Work item:
The answer must be every line of the data that holds the word "peaceful".

Data items:
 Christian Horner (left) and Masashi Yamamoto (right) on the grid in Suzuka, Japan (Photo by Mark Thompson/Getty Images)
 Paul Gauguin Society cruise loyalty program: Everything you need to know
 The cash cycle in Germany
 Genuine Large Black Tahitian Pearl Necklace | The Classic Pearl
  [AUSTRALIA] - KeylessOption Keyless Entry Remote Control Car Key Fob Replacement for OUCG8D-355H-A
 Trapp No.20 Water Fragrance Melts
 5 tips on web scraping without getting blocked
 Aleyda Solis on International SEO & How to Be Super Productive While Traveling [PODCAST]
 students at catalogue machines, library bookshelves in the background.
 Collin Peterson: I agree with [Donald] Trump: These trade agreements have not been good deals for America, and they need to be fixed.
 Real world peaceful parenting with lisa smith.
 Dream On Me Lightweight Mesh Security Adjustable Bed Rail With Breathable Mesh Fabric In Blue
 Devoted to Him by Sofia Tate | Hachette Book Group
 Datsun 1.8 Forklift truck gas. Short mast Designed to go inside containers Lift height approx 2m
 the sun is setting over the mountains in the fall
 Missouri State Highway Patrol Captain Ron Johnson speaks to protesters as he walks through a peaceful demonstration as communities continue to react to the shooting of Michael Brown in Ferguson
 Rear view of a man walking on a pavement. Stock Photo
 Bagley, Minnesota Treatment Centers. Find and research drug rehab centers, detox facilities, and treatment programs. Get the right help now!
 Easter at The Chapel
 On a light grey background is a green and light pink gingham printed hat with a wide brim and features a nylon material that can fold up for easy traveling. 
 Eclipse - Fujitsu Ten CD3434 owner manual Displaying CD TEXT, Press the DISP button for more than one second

Response:
 Real world peaceful parenting with lisa smith.
 Missouri State Highway Patrol Captain Ron Johnson speaks to protesters as he walks through a peaceful demonstration as communities continue to react to the shooting of Michael Brown in Ferguson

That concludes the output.